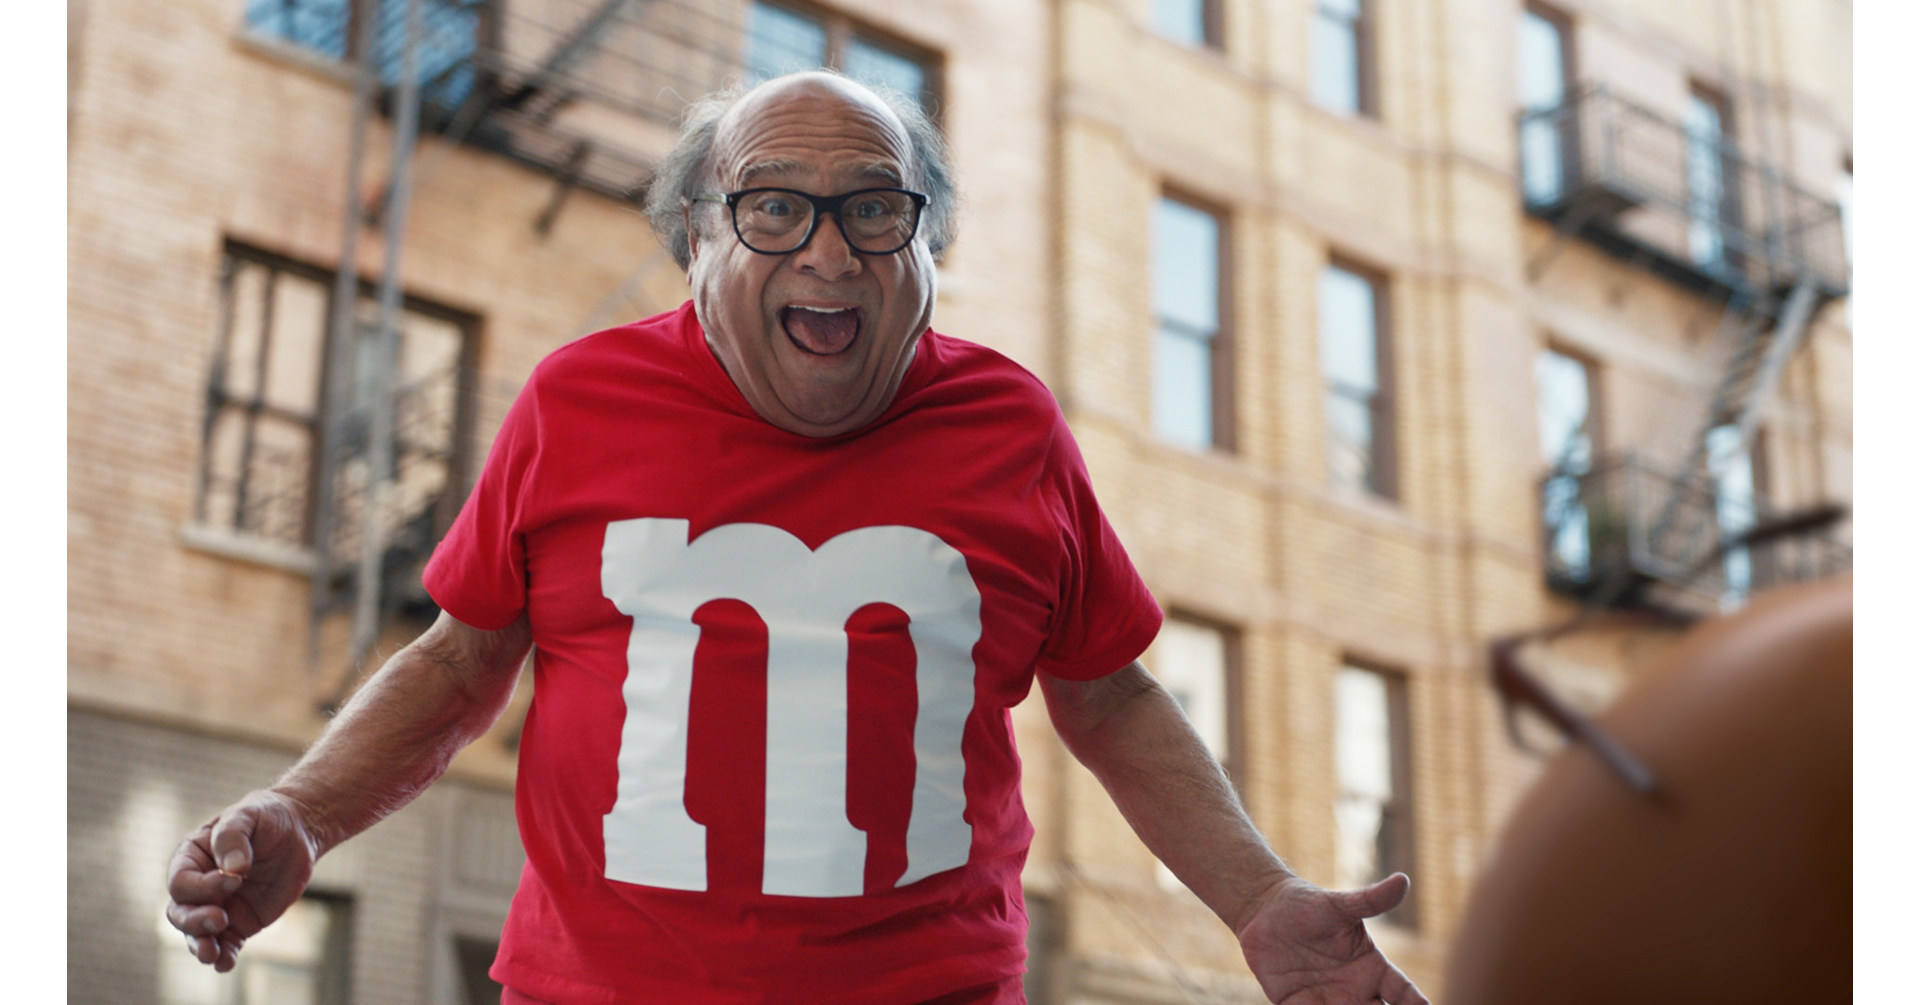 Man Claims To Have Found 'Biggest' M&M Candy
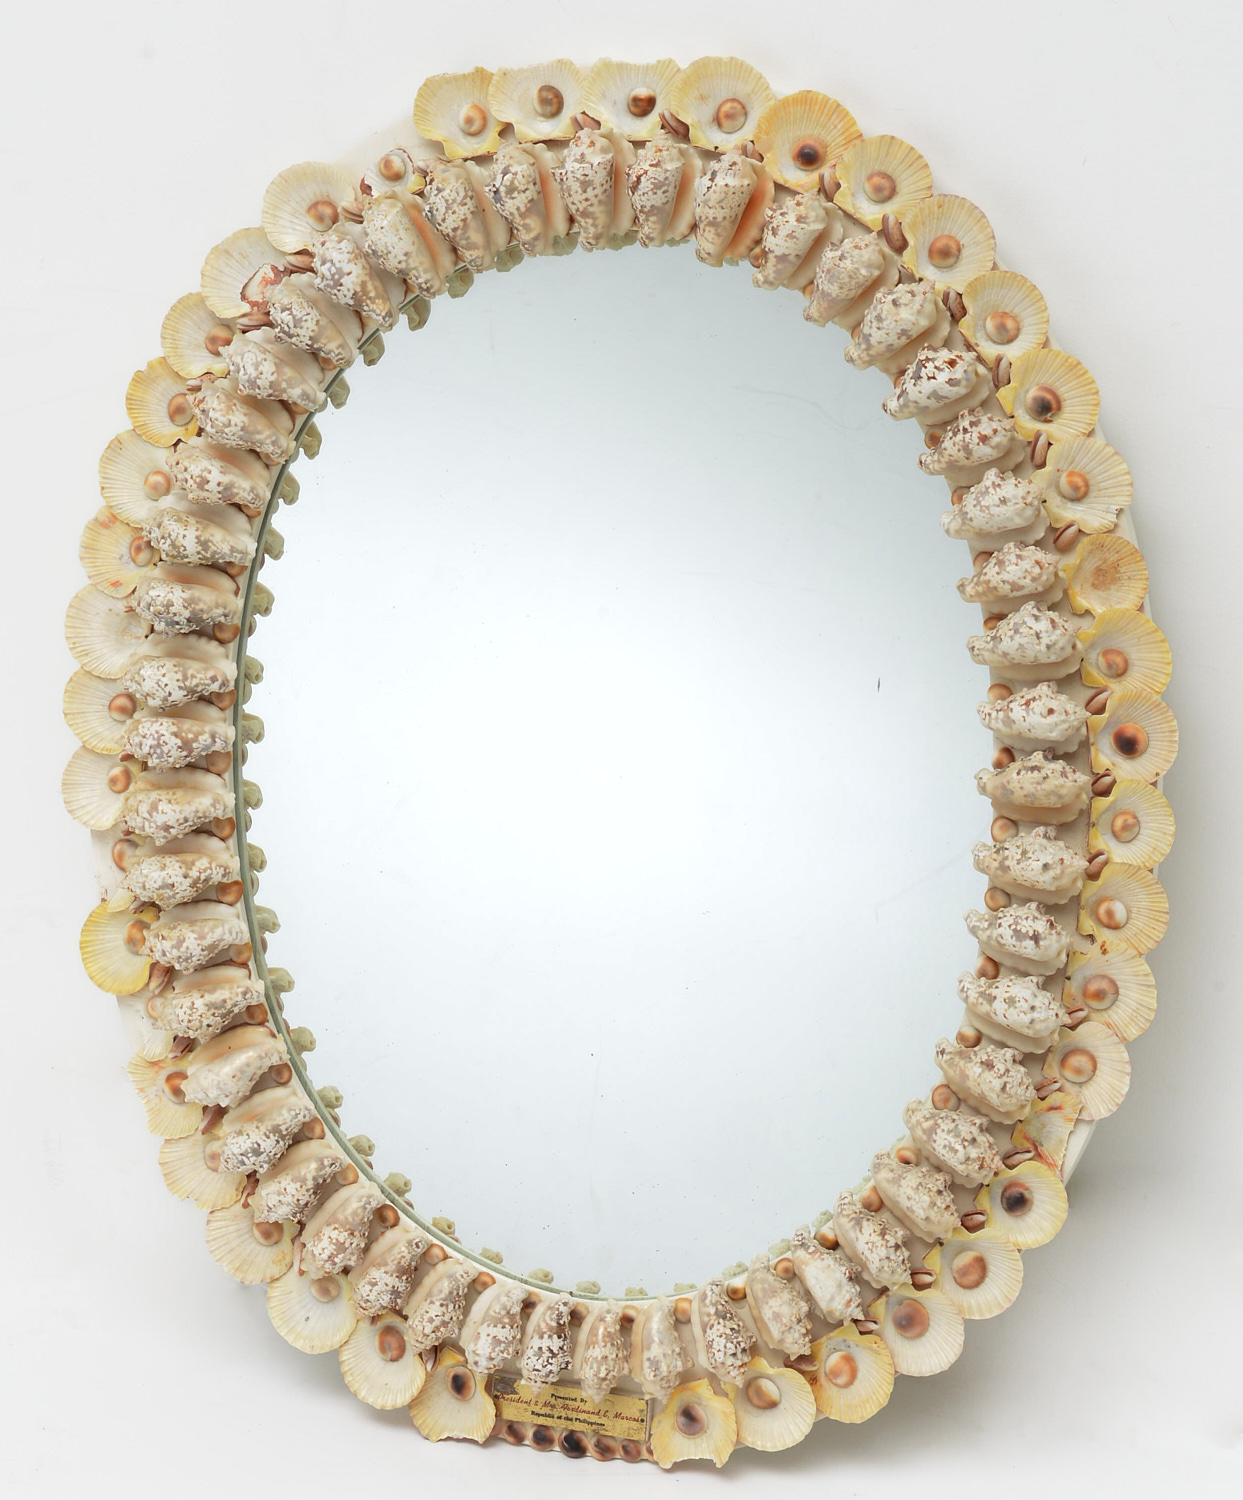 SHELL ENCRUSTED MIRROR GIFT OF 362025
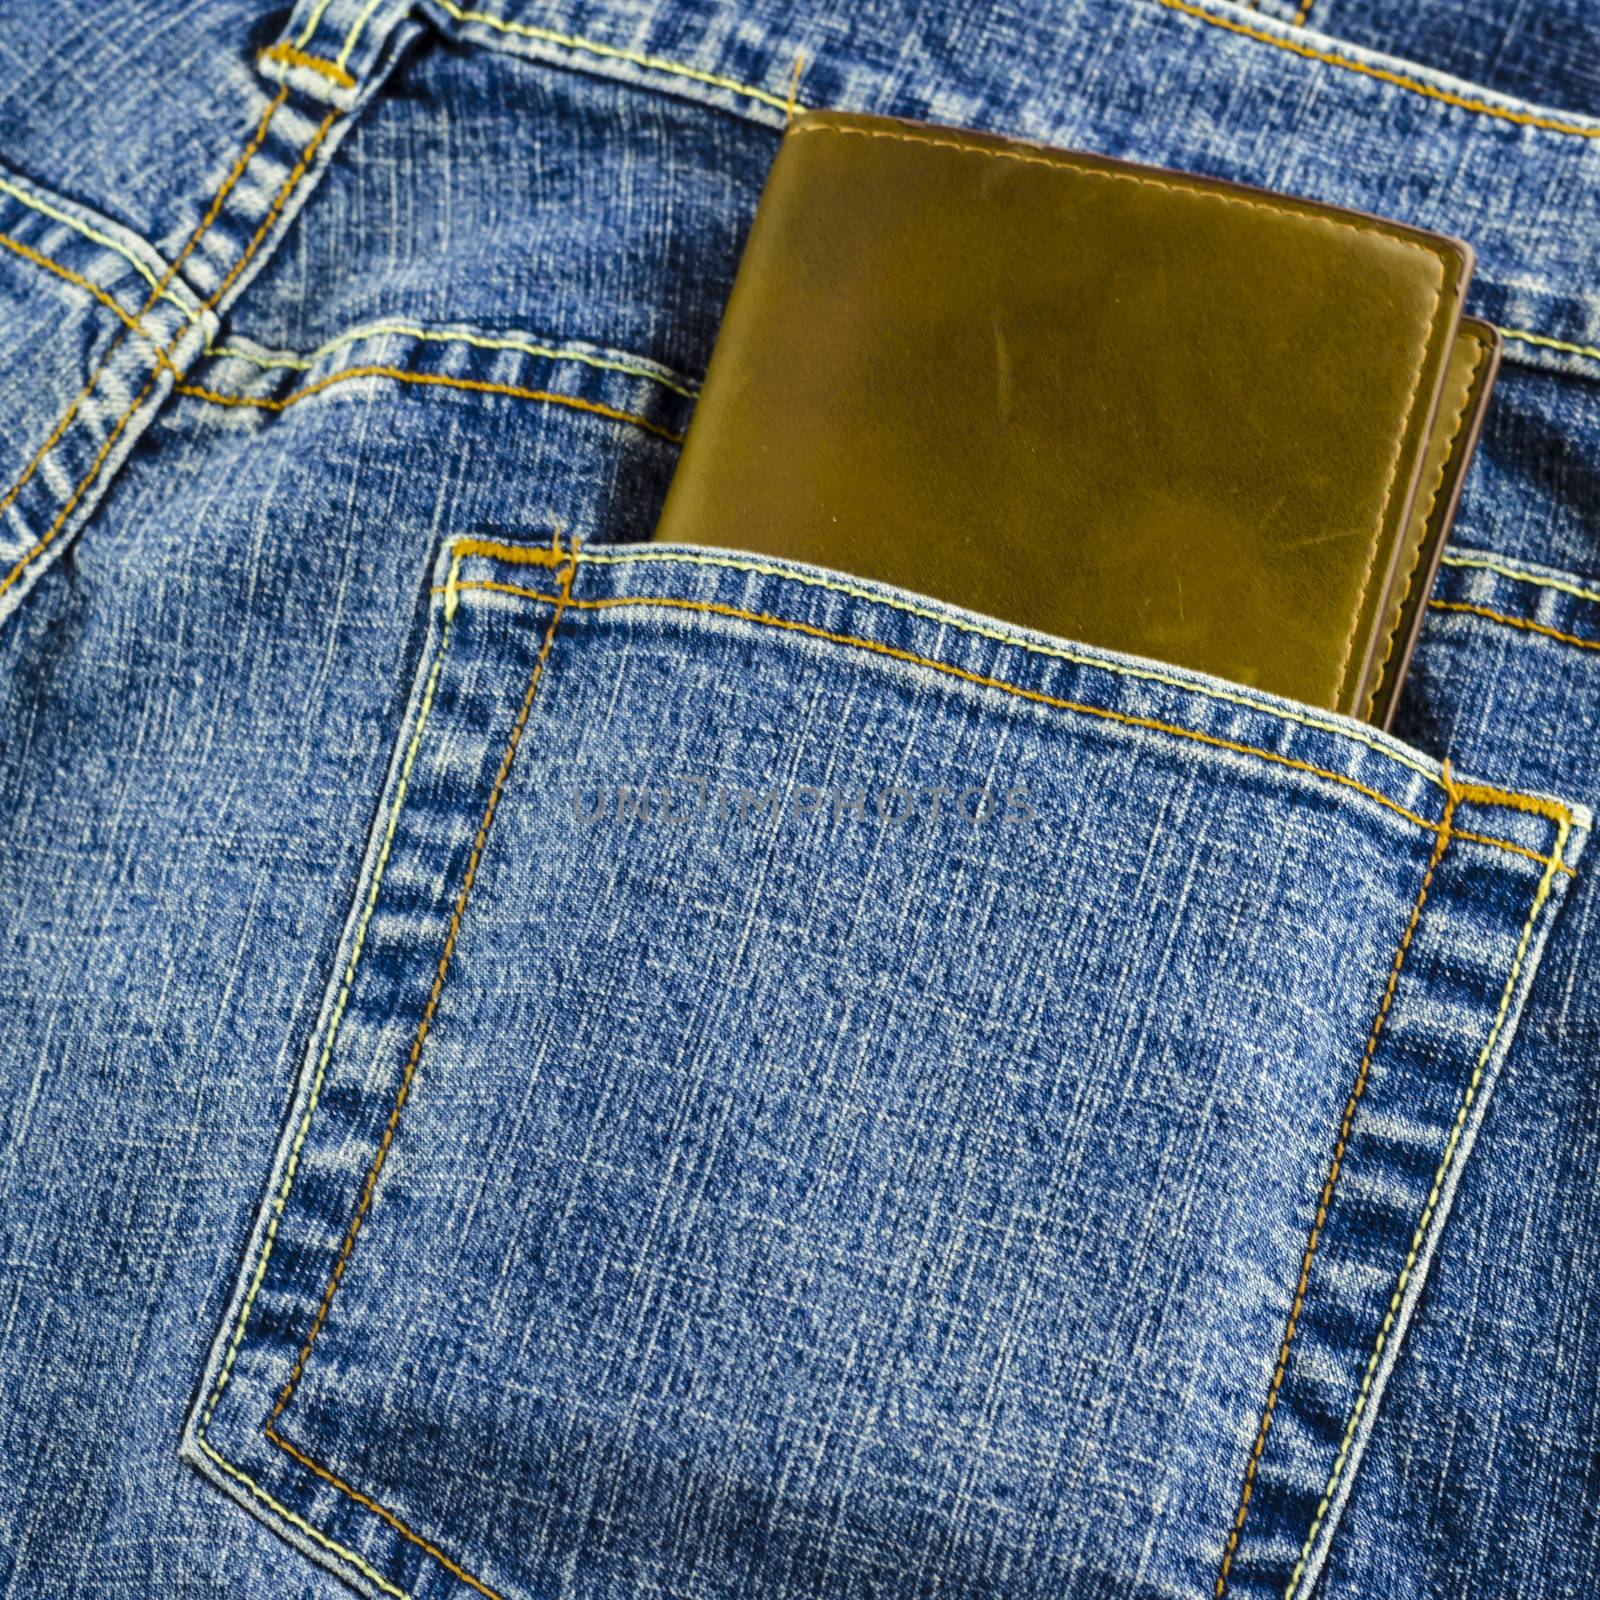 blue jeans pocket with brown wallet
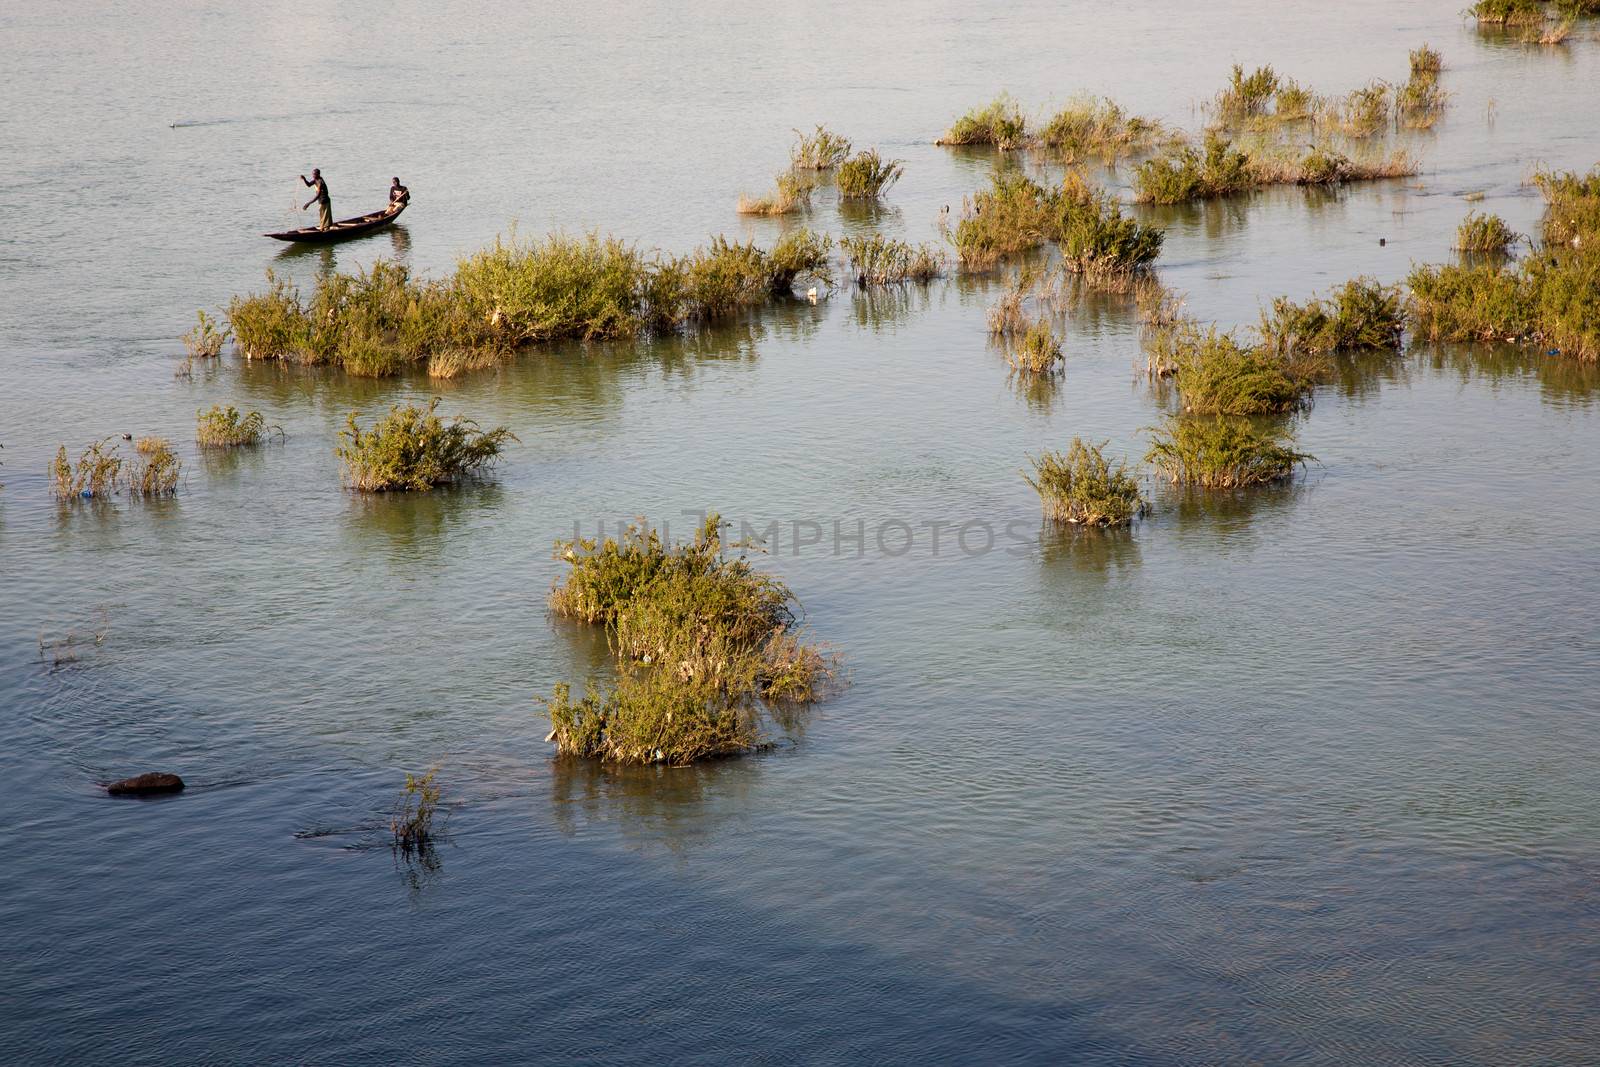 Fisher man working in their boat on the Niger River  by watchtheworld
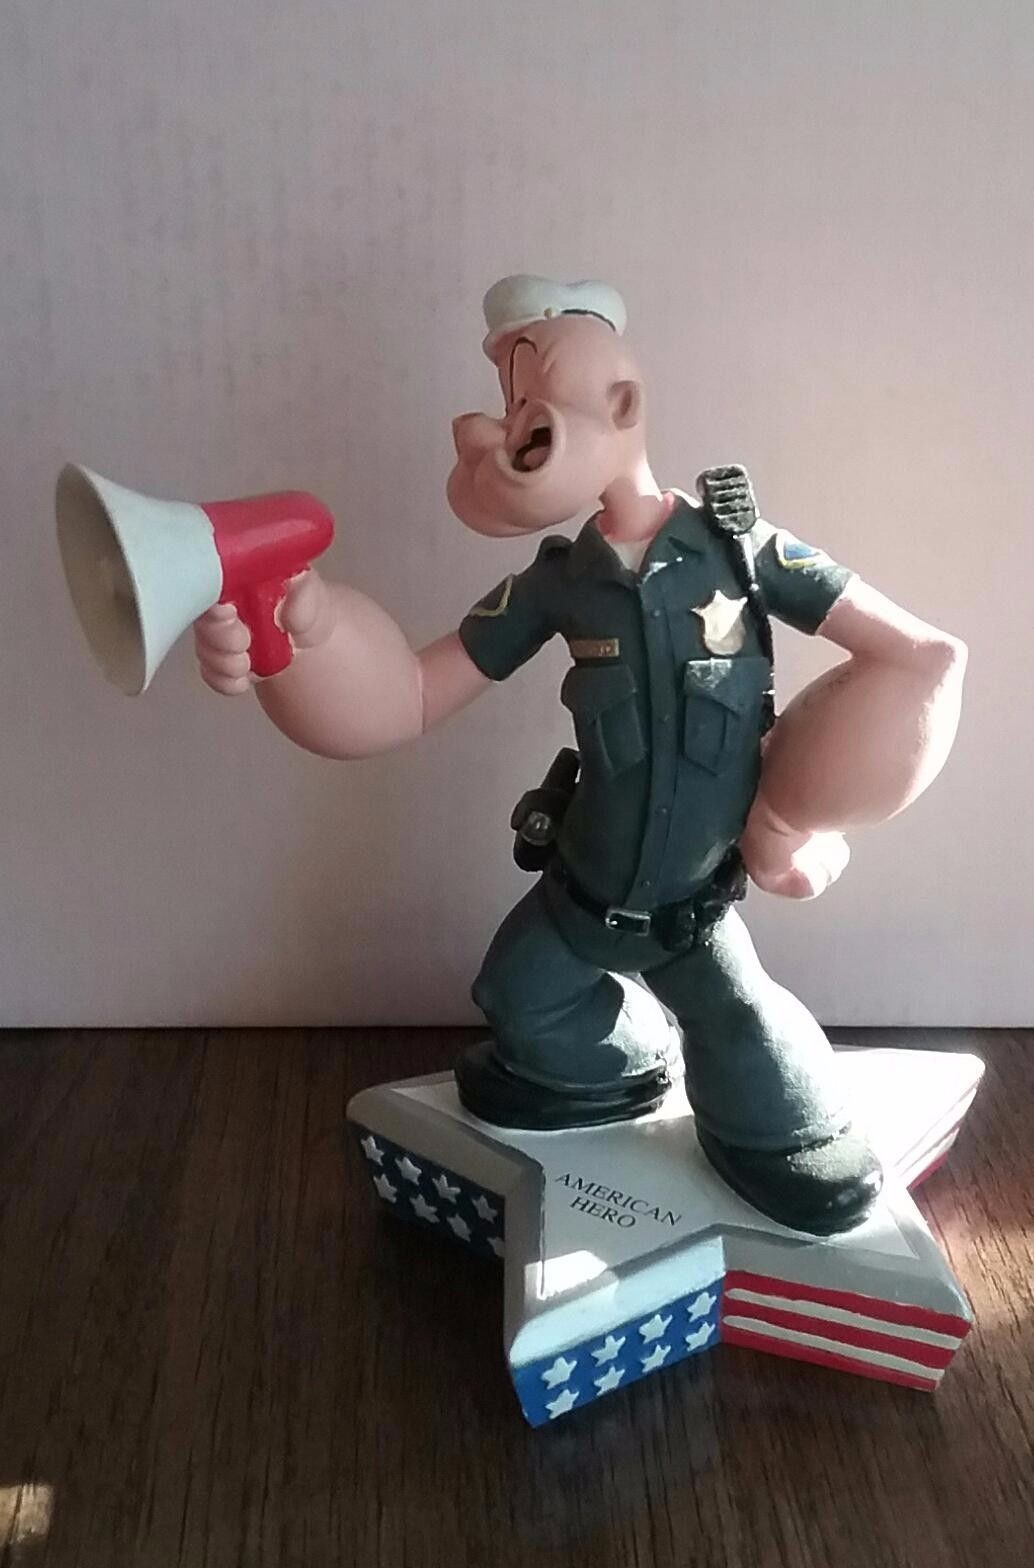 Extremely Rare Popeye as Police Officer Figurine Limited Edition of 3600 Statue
-=-=-
- What is required: Leave out every picture and copy verbatim the lines running from the line containing "blue jeans pocket with brown wallet" through the final line of the data.

- Problem solution:
 blue jeans pocket with brown wallet
 Fisher man working in their boat on the Niger River  by watchtheworld
 Extremely Rare Popeye as Police Officer Figurine Limited Edition of 3600 Statue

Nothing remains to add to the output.